Year of Release:  1994
Director:  Spike Lee
Screenplay:  Joie Susannah Lee, Cinque Lee and Spike Lee, based on a story by Joie Susannah lee
Starring:  Alfre Woodward, Delroy Lindo, Zelda Harris, Spike Lee
Running Time:  115 minutes
Genre:  Drama, comedy, coming of age

This semi-autobiographical directed by Spike Lee, and co-written by Lee and his siblings, Cinque and Joie Susannah.  The film is set over the spring and summer of 1973 in a tough but close-knit neighbourhood in Brooklyn, New York, and focuses on nine year old Troy Carmichael (Harris) growing up with four rowdy brothers and her troubled by loving parents:  Strict school teacher Carolyn (Woodward), who holds the family together, and ambitious but naive musician Woody (Lindo), who had some success with pop music covers in the past but now wants to concentrate exclusively on his own music.

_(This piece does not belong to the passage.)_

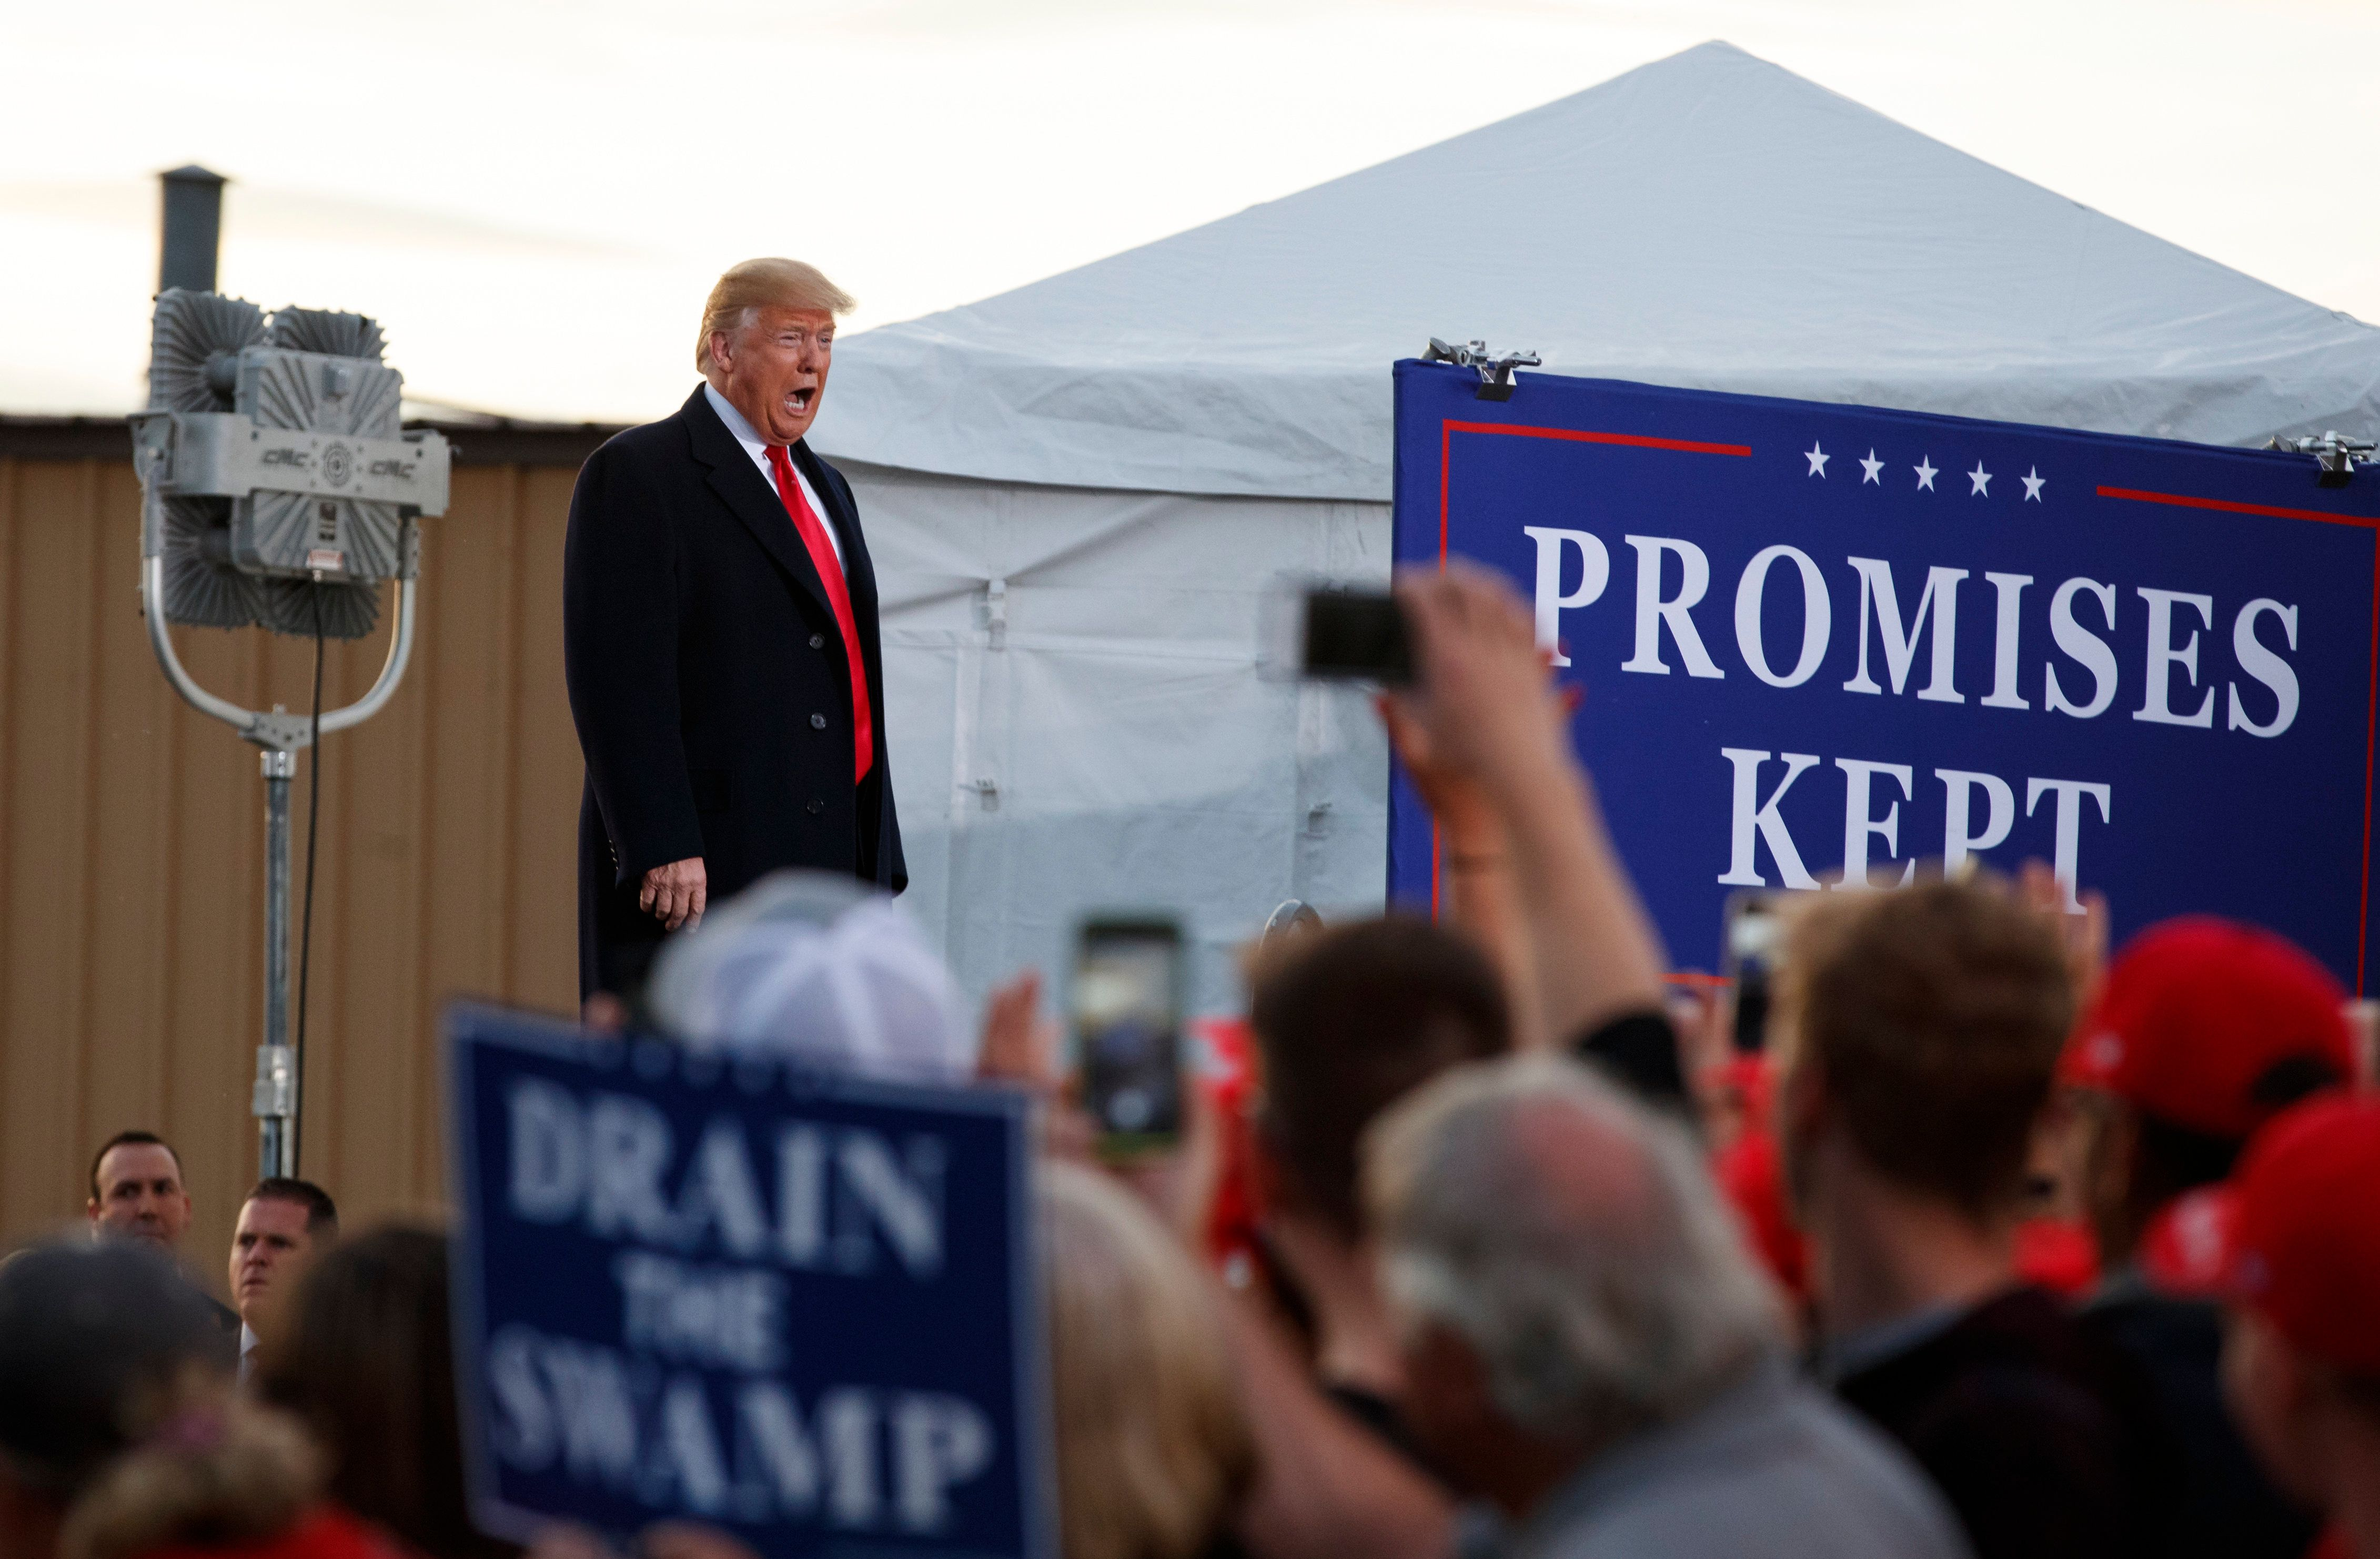 'He's My Kind Of Guy': Trump Celebrates Congressman Who Body-Slammed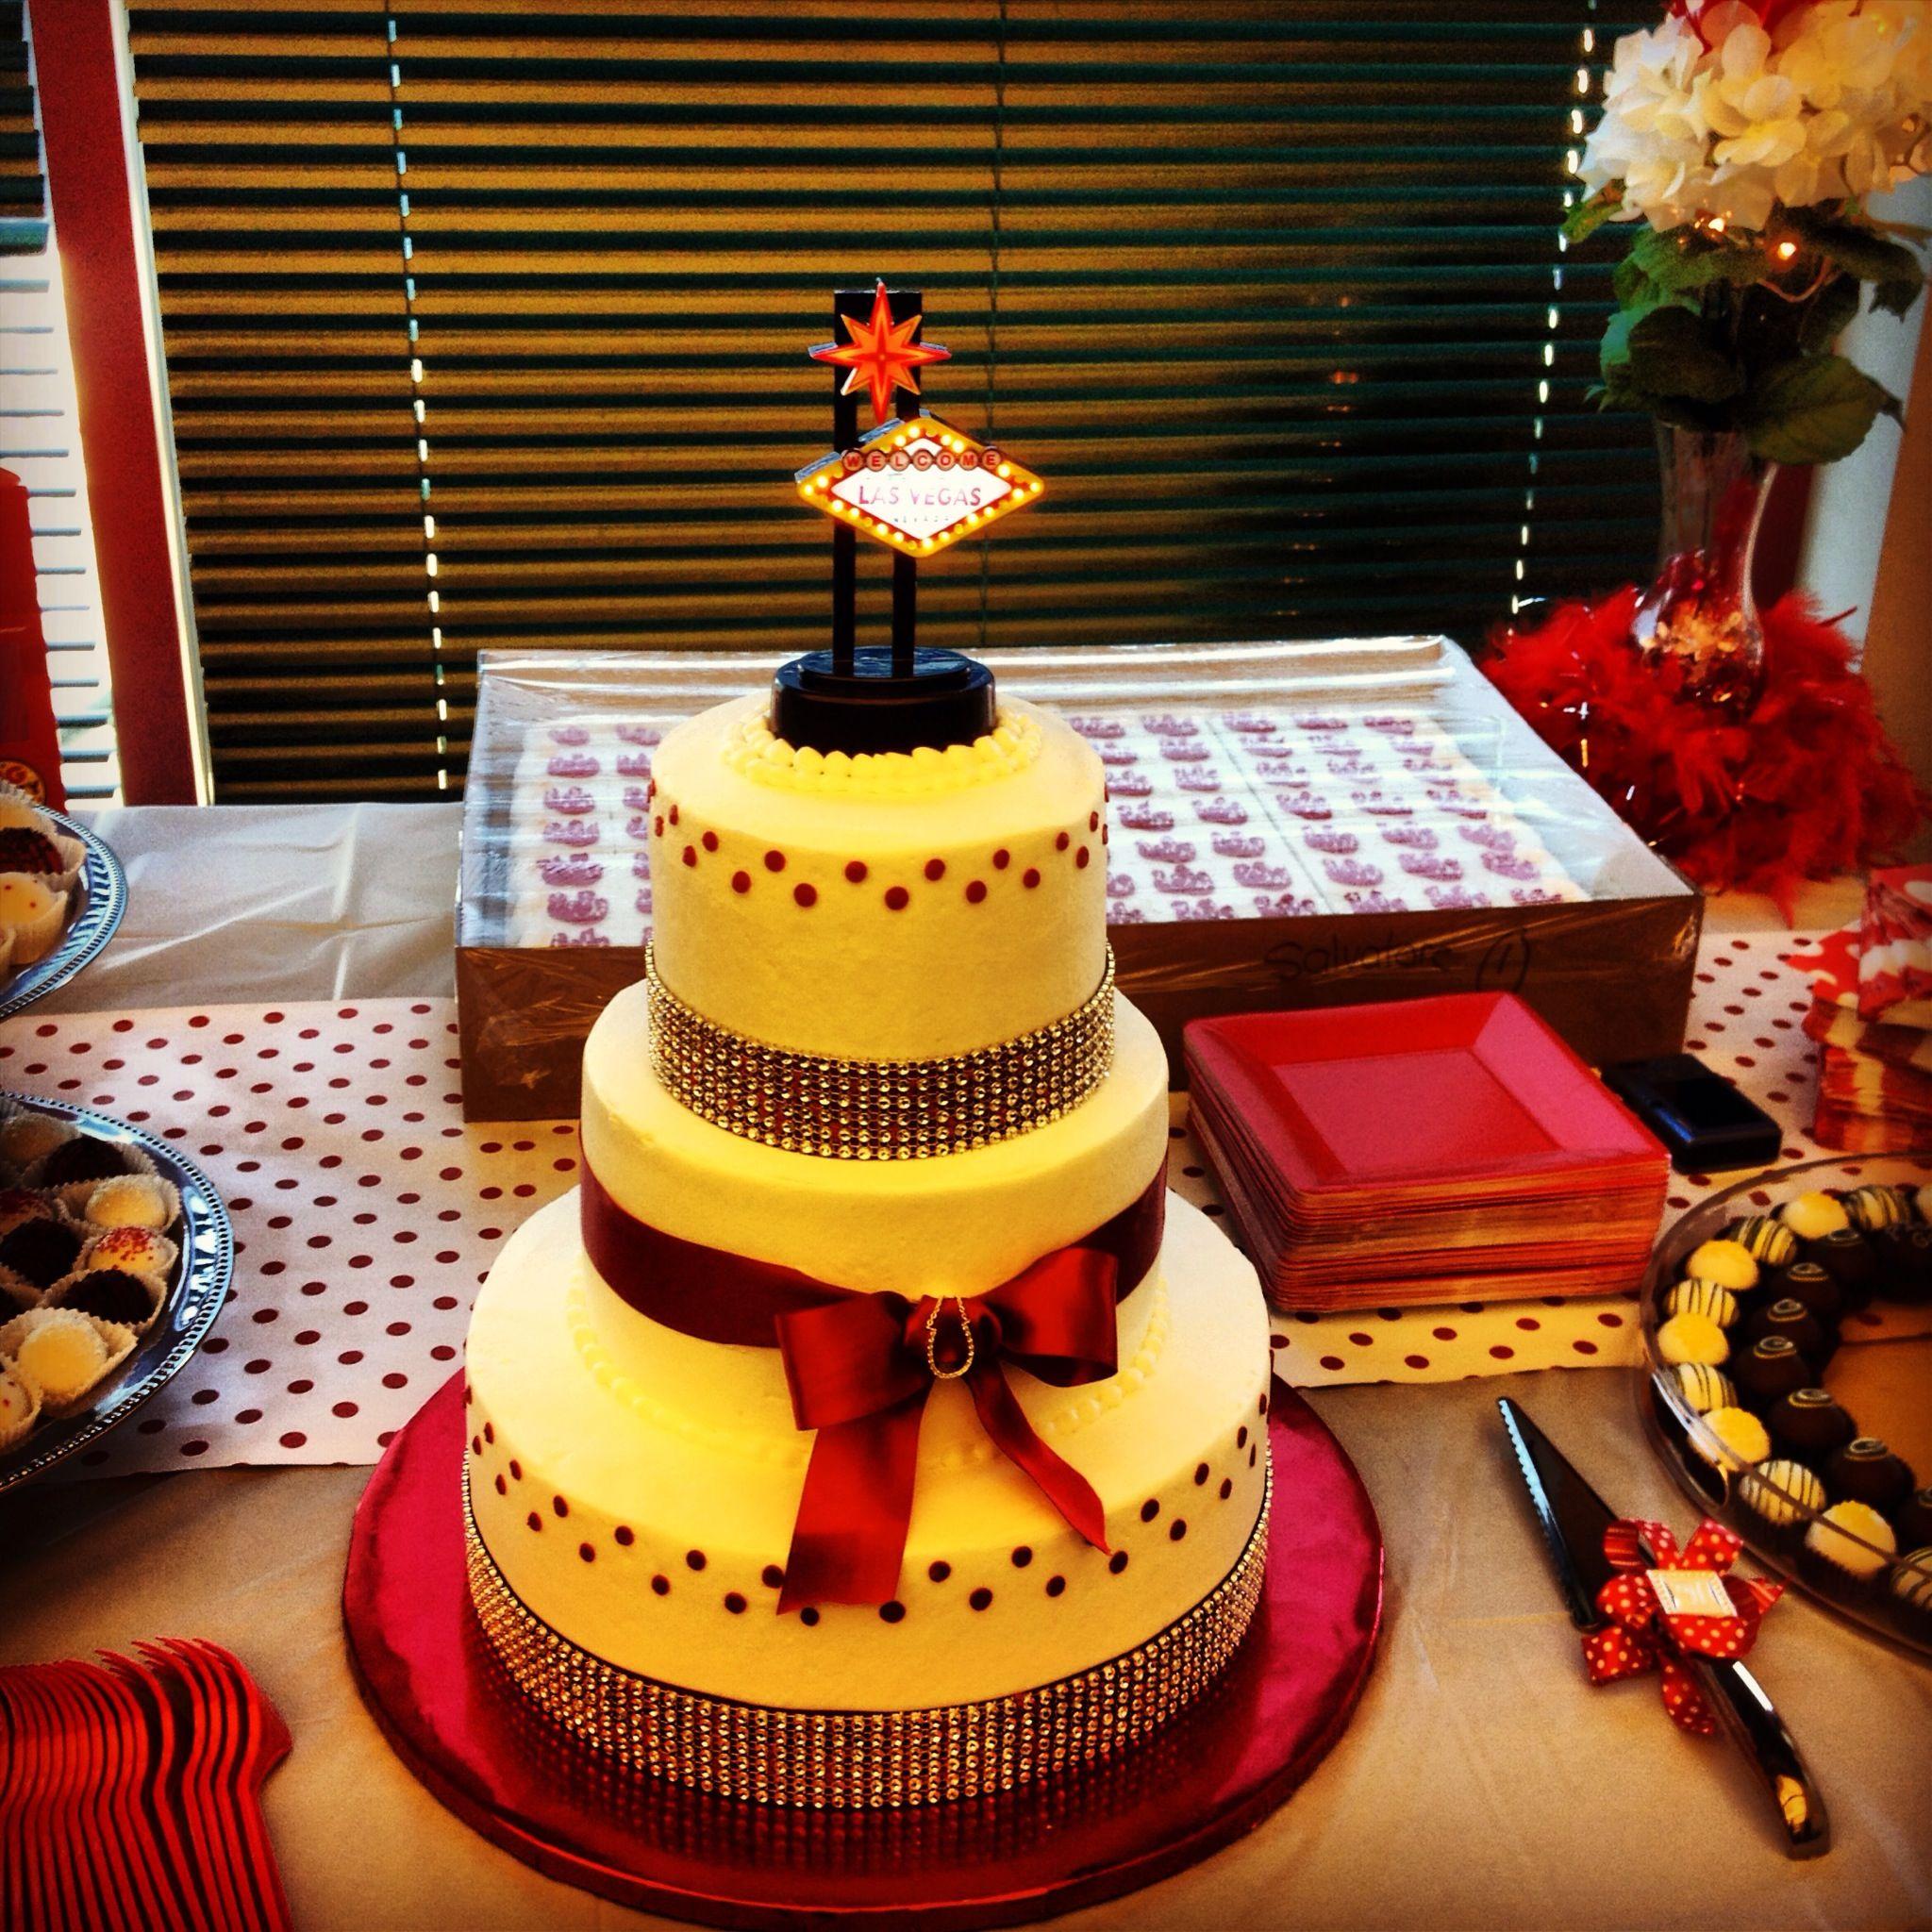 Vegas Wedding Vegas wedding, Amazing cakes, Cupcake cakes

The film is colourful, lively and is unusually light for a Spike Lee film, however there is still plenty of grit.  The neighbourhood is populated with eccentric characters, children play on the stoops and the street, everyone knows what is going on with everyone else and more often than not look out for each other, but it is tough, and there is always a threat of violence, although having said that, it's more likely to be a light punch rather than a gunshot.  The film is visually inventive.  Troy goes to stay with relatives in the South, which she finds very disturbing and disorientating, and these scenes are filmed in widescreen without anamorphically adjusting the image, which gives it a strange elongated look.  The performances are great, Alfre Woodward, Delroy Lindo and Zelda Harris are all superb, and the Carmichael family do feel like a real family, and your left wondering what happens to them after the film.  Spike Lee has a part as the neighbourhood glue sniffer Snuffy.  It's a loose film, without a strong plot, and feels quite baggy and episodic.  It's warm, funny, gritty and real, with a fantastic soundtrack of early '70s soul music.